Matplotlib 3D scatter plot with color gradient

andrea.ge picture andrea.ge · Jan 17, 2012 · Viewed 44k times · Source

How can I create a 3D plot with a color gradient for the points? See the example below, which works for a 2D scatter plot.

Edit (thanks to Chris): What I'm expecting to see from the 3D plot is a color gradient of the points ranging from red to green as in the 2D scatter plot.
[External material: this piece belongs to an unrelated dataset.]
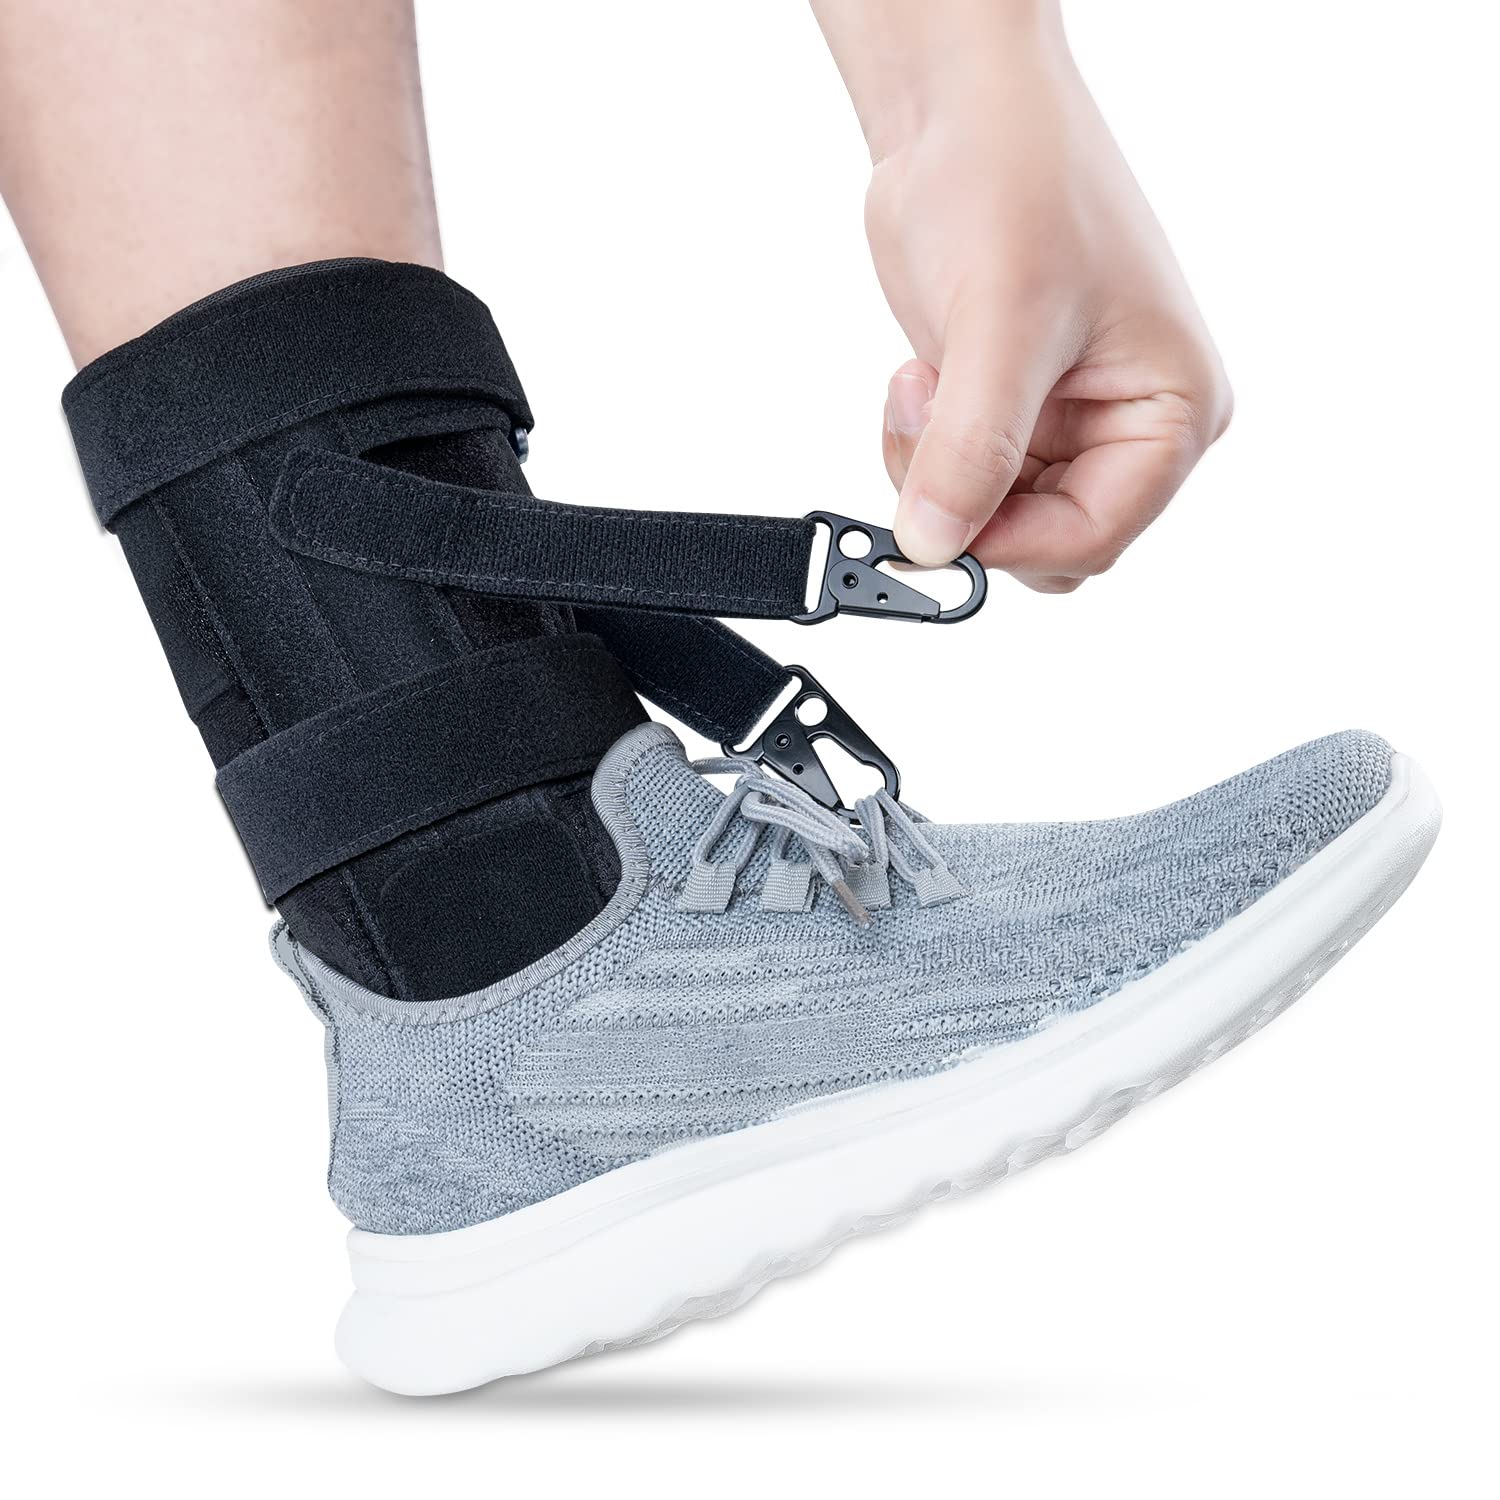 Sylong Afo Foot Drop Brace for Walking with Shoes Left [...]

What I see in the 3D scatter plot are only red points.

Solution: for some reasons (related to the gradient example I copied elsewhere) I set xrange to len-1, which messes everything in the 3D plot.

import numpy as np
import matplotlib.pyplot as plt
from mpl_toolkits.mplot3d import Axes3D

# Create Map
cm = plt.get_cmap("RdYlGn")

x = np.random.rand(30)
y = np.random.rand(30)
z = np.random.rand(30)
#col = [cm(float(i)/(29)) for i in xrange(29)] # BAD!!!
col = [cm(float(i)/(30)) for i in xrange(30)]

# 2D Plot
fig = plt.figure()
ax = fig.add_subplot(111)
ax.scatter(x, y, s=10, c=col, marker='o')  

# 3D Plot
fig = plt.figure()
ax3D = fig.add_subplot(111, projection='3d')
ax3D.scatter(x, y, z, s=10, c=col, marker='o')  

plt.show()

Answer

Noam Peled picture Noam Peled · Nov 27, 2014

Here is an example for 3d scatter with gradient colors:

import matplotlib.cm as cmx
from mpl_toolkits.mplot3d import Axes3D
def scatter3d(x,y,z, cs, colorsMap='jet'):
    cm = plt.get_cmap(colorsMap)
    cNorm = matplotlib.colors.Normalize(vmin=min(cs), vmax=max(cs))
    scalarMap = cmx.ScalarMappable(norm=cNorm, cmap=cm)
    fig = plt.figure()
    ax = Axes3D(fig)
    ax.scatter(x, y, z, c=scalarMap.to_rgba(cs))
    scalarMap.set_array(cs)
    fig.colorbar(scalarMap)
    plt.show()

Of course, you can choose the scale to range between different values, like 0 and 1.